Today I am encouraged to continue to share my experiences because I am learning how connected many of us are as we navigate through this mystery called life. And oddly that connection has calmed me and comforted me. I am encouraged too by friends who thankfully encourage me to keep bravely sharing my experiences. I am also encouraged by the release I experience when I put the next experience out there. It's like that lesson in Proverbs: a word and a stone once launced cannot be reclaimed.
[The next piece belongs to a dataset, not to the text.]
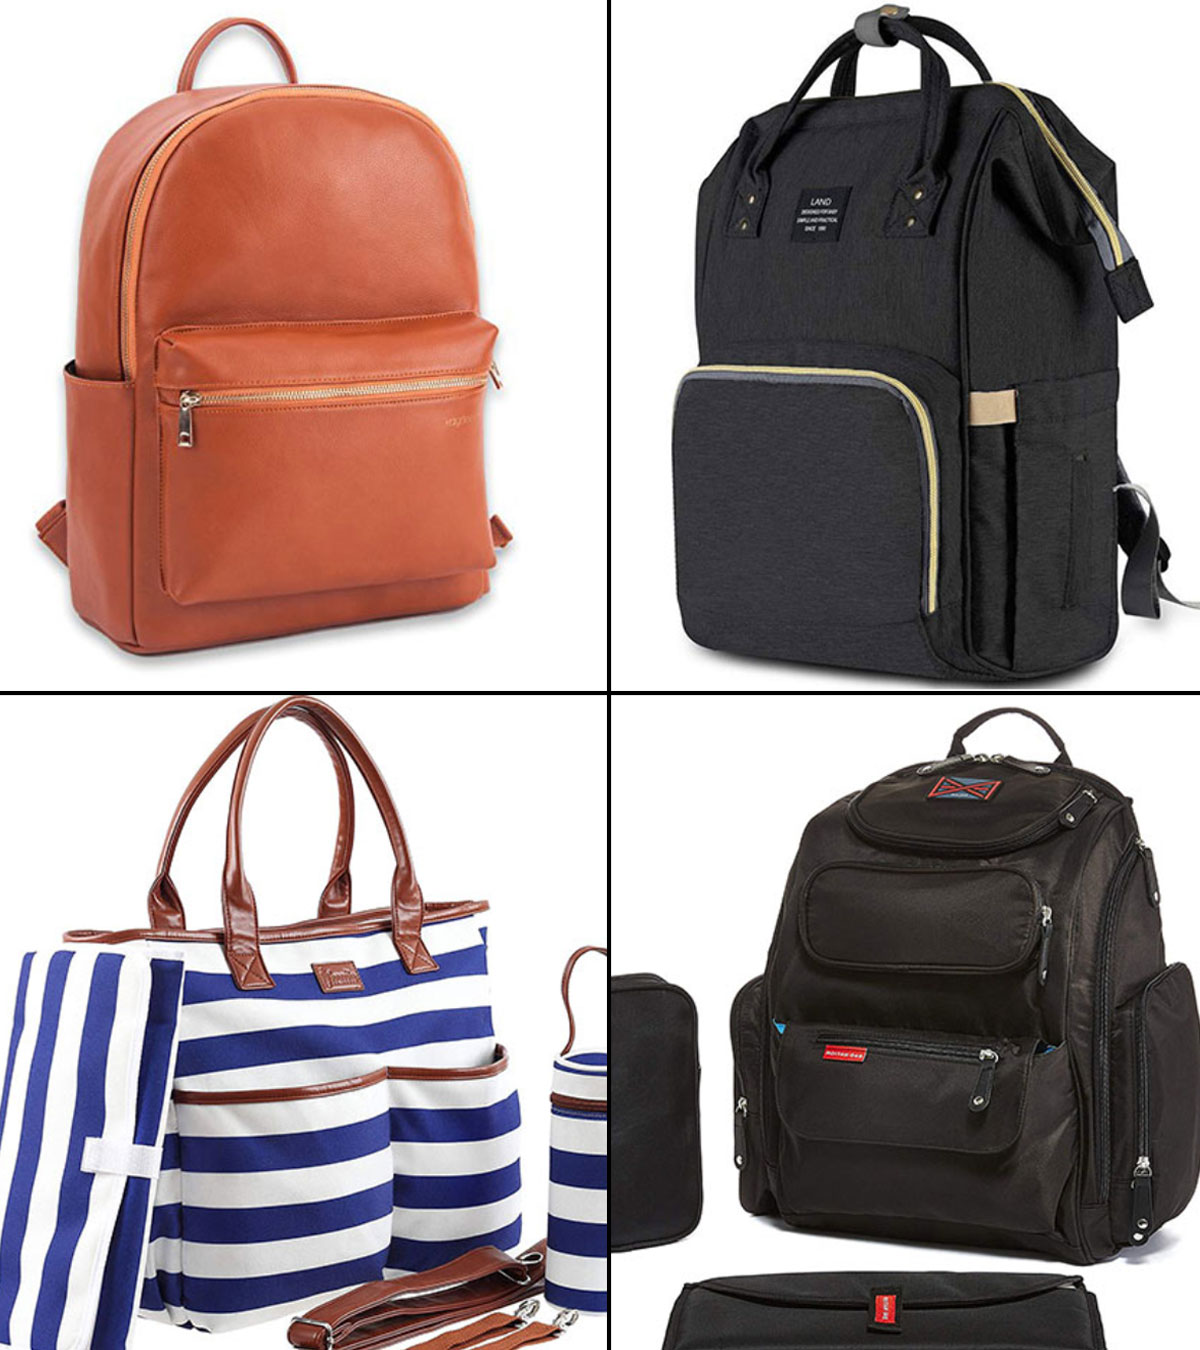 15 Best Diaper Bags To Organize Baby Essentials In 2023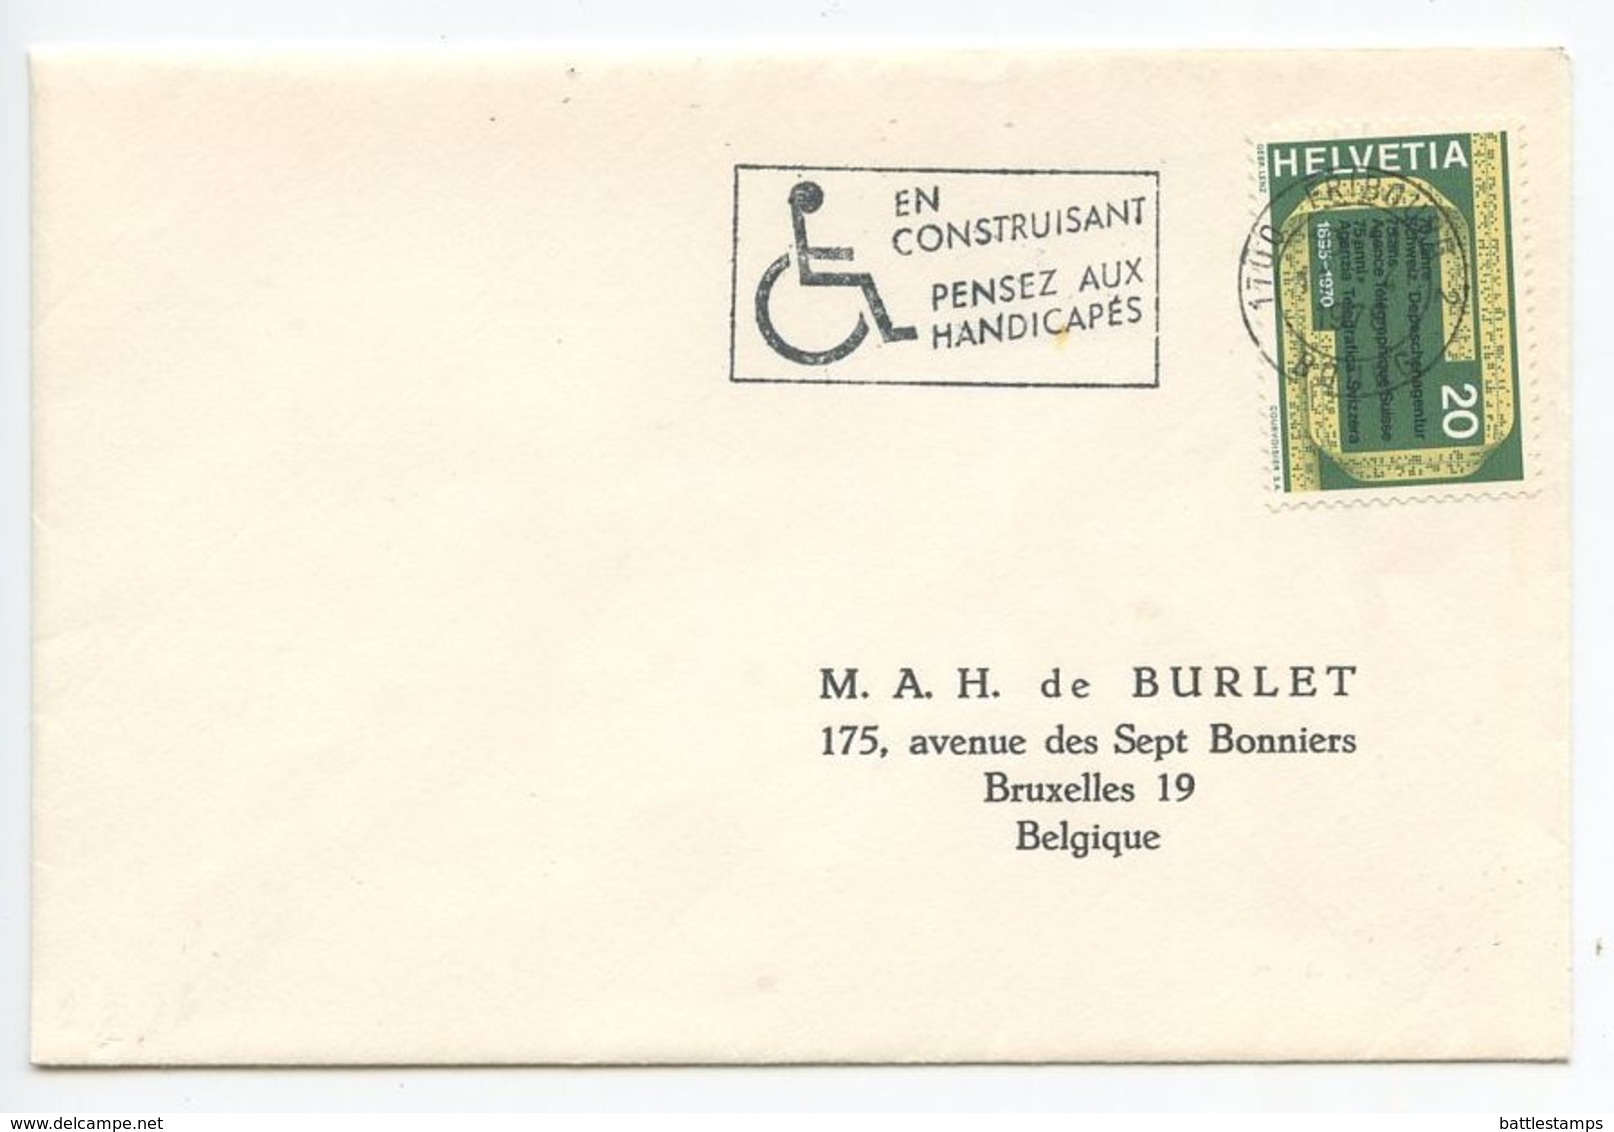 Switzerland 1976 Cover Fribourg To Bruxelles, Belgium W/ Handicapped Slogan Cancel - Covers & Documents

Writing this or even recording this somewhat launches it from my being. But I've grown to notice that it's only launced if I am fully truthful.
Today's title was inspired by the title of Dan Brown's book, Angels and Demons. As a writer, I have been contemplating where these entities live, truly live. As a creative, I am beginning to believe they have always existed right inside each of us. That we are the angels and we are the demons. That there is light within us, as well as the deepest darkness.
Some days, in some dealings with my mom, a hot rage boils up so quickly that I become aware, or am reminded of that darkness within me; that it is not dormant or sleeping but fully awake, fully alert, fully watchful, fully involved in my life. I like to think that that is not the case, but in those moments of hot anger I see that that is exactly the case. And it knowingly laughs at me. It doesn't give a shit that I see it, that I recognize it. Actually, it wants me to see it, to get to know it, to invite it to be a bigger part of my life. Creepy, huh? Yeah, I'm a writer of dark stories (not all dark) but, yeah, there are some dark ones.
I've been searching within me what to share next. I made two short videos. My new phone has quickly run out of space forcing me to make videos less than 3 minutes long. I made one video, but was livid the day after and on a walk with a friend after work, I found myself sharing something I had begun to recognize about me and acknowledge about my mom. My friend encouraged me to share this story. It's not all that dark. It's just me being honest with me, which I am learning weakens that darkness.
It's a rather sensitive one for me. But I am learning that these sensitive things that feel so personal and isolating are not so special or unfamiliar or isolating or unique. In fact, what all of this is teaching me is that we're more alike than we are different. So, I bravely release this truth that I may begin to heal from it.
Looking back over time, I've always been comfortable with being a loner. When I moved away from home, I'd had a few brief roommates in my new city but mostly you'd find me like that image of every little loner kid in the playground...all by myself, but out of sight. But truly I'm an odd blend of extrovert in a crowd and hermit everywhere else. But I acknowledge that there have been far too many times when being the loner didn't make me a good friend or even a good daughter. I was bad about holidays, birthdays or even keeping in touch with folks. If there was a rock to hide under when it came to getting together with friends, I'd be happier under that rock. Funny how I'm more comfortable with those I barely know than with those who know me fairly well.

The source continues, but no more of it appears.